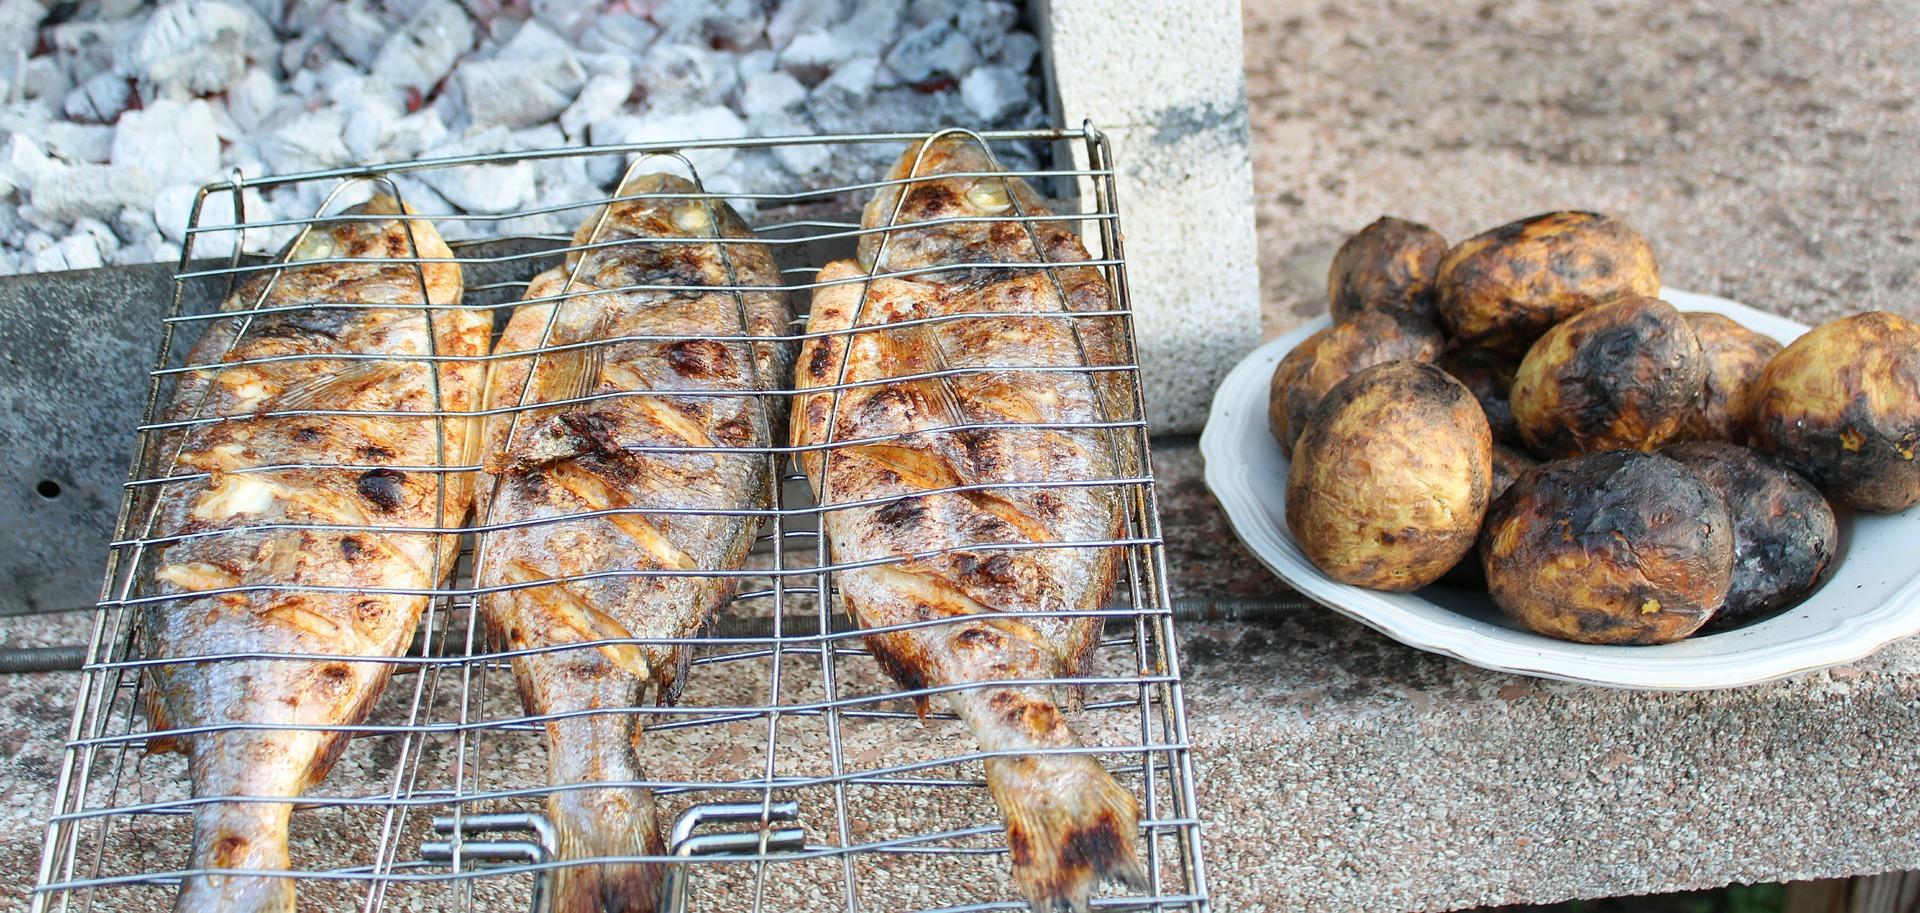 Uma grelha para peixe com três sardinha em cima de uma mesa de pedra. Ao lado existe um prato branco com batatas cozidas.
========
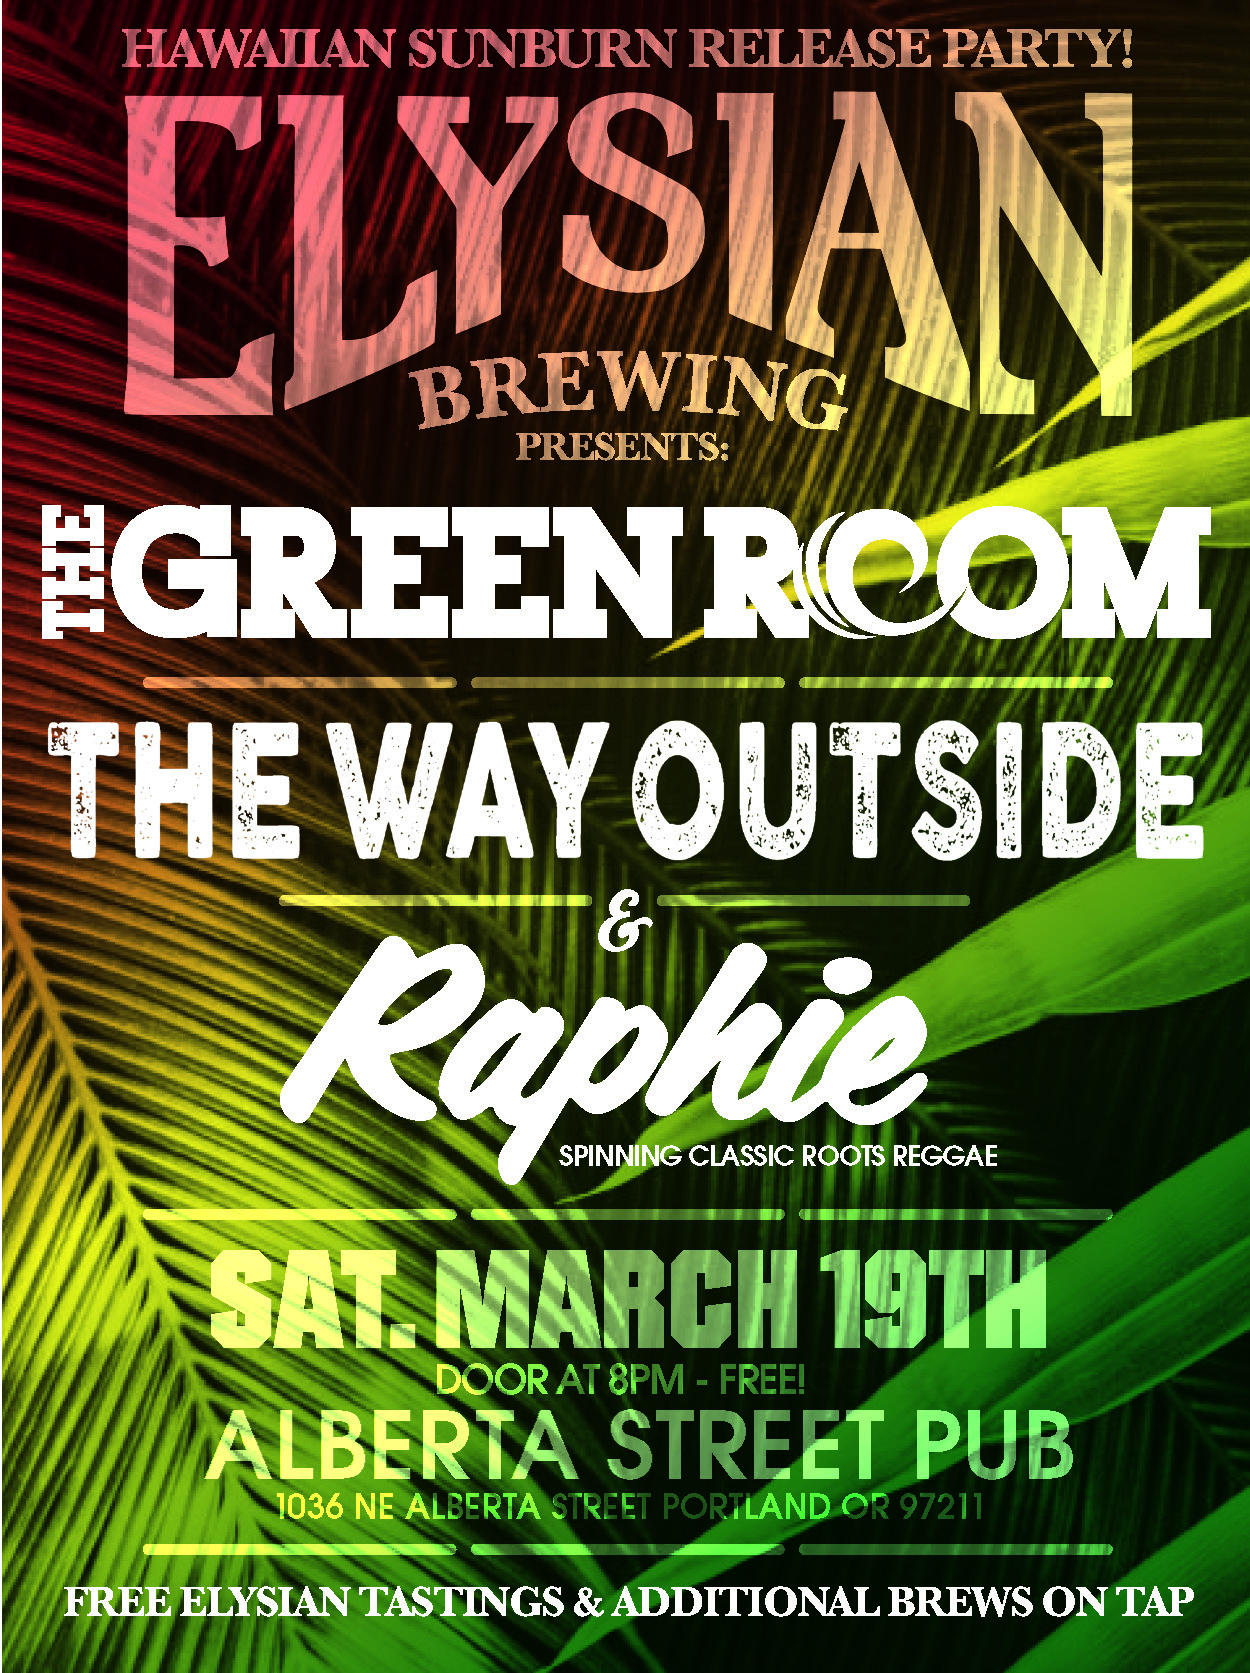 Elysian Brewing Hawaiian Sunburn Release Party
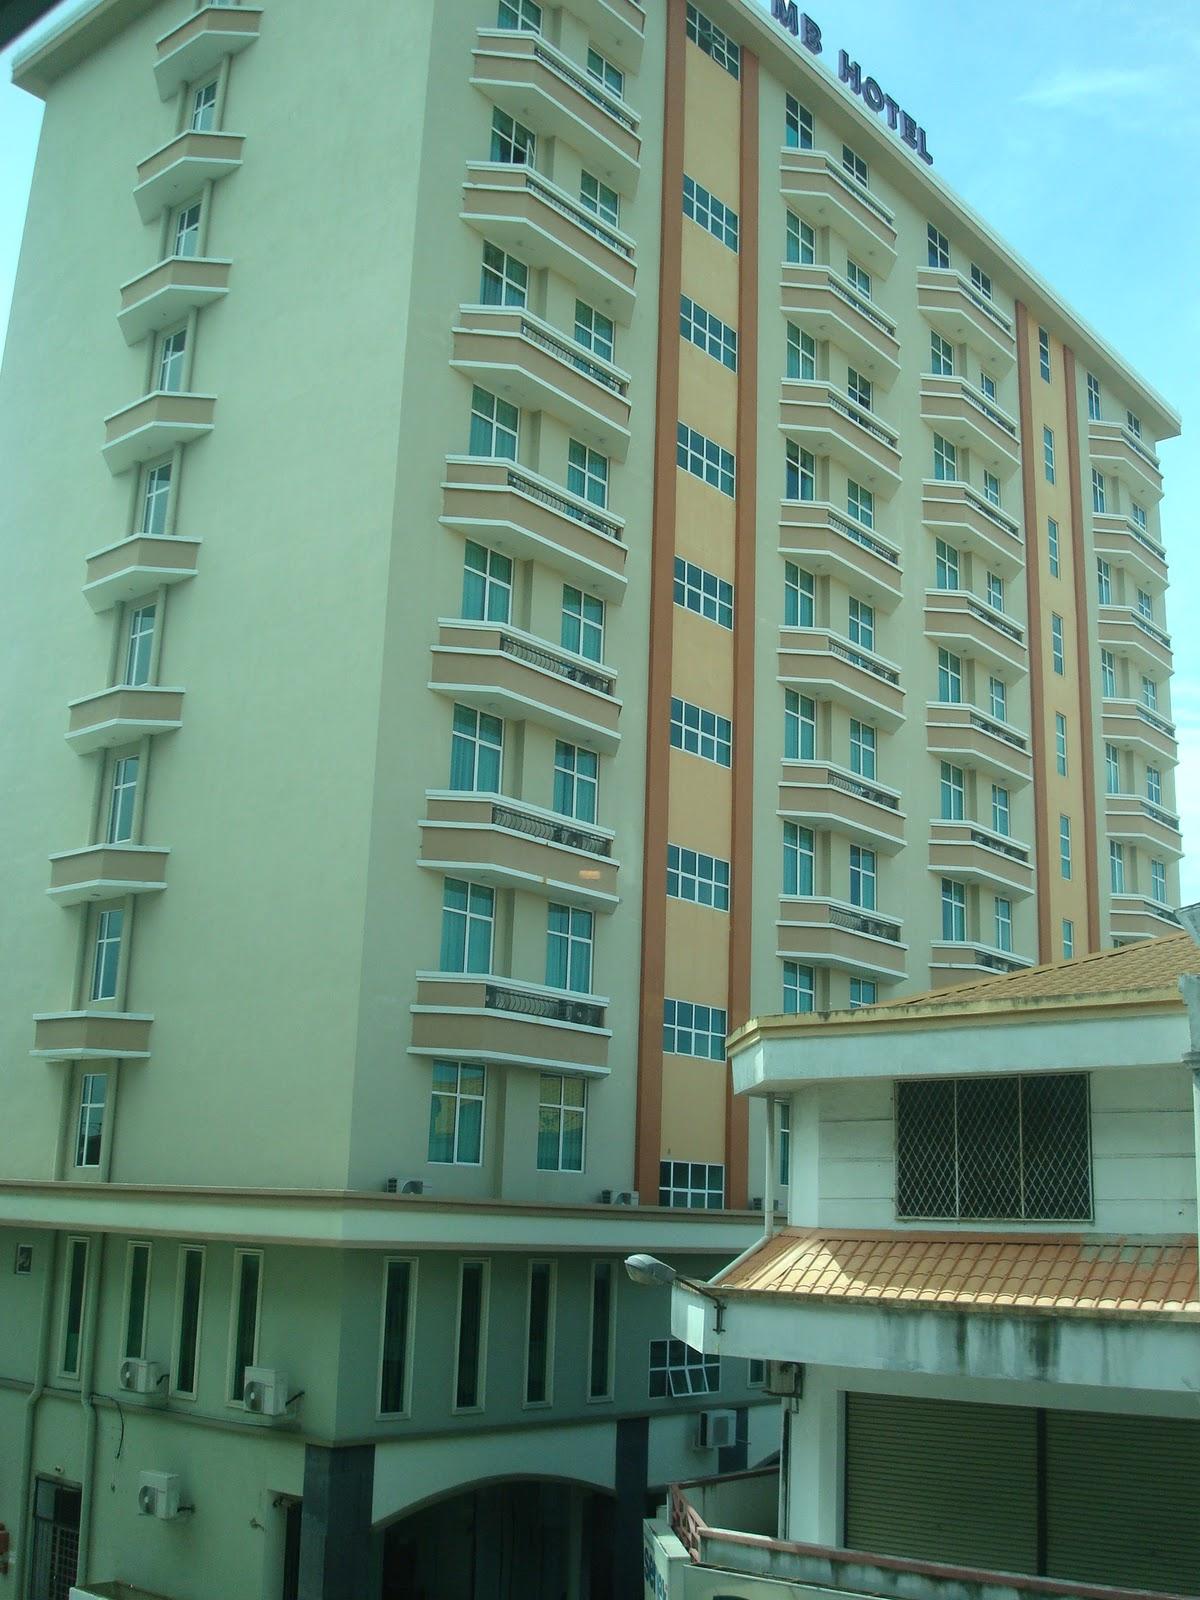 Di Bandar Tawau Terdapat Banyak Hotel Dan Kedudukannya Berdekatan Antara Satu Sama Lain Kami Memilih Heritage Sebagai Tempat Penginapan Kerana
========
== TASK DIRECTIONS ==
Within the listing above, the lines from the one with "Elysian Brewing Hawaiian" through the one with "Di Bandar Tawau" are to be given again word for word. Do not include pictures.

== SOLUTION TO THIS TASK ==
 Elysian Brewing Hawaiian Sunburn Release Party
 Di Bandar Tawau Terdapat Banyak Hotel Dan Kedudukannya Berdekatan Antara Satu Sama Lain Kami Memilih Heritage Sebagai Tempat Penginapan Kerana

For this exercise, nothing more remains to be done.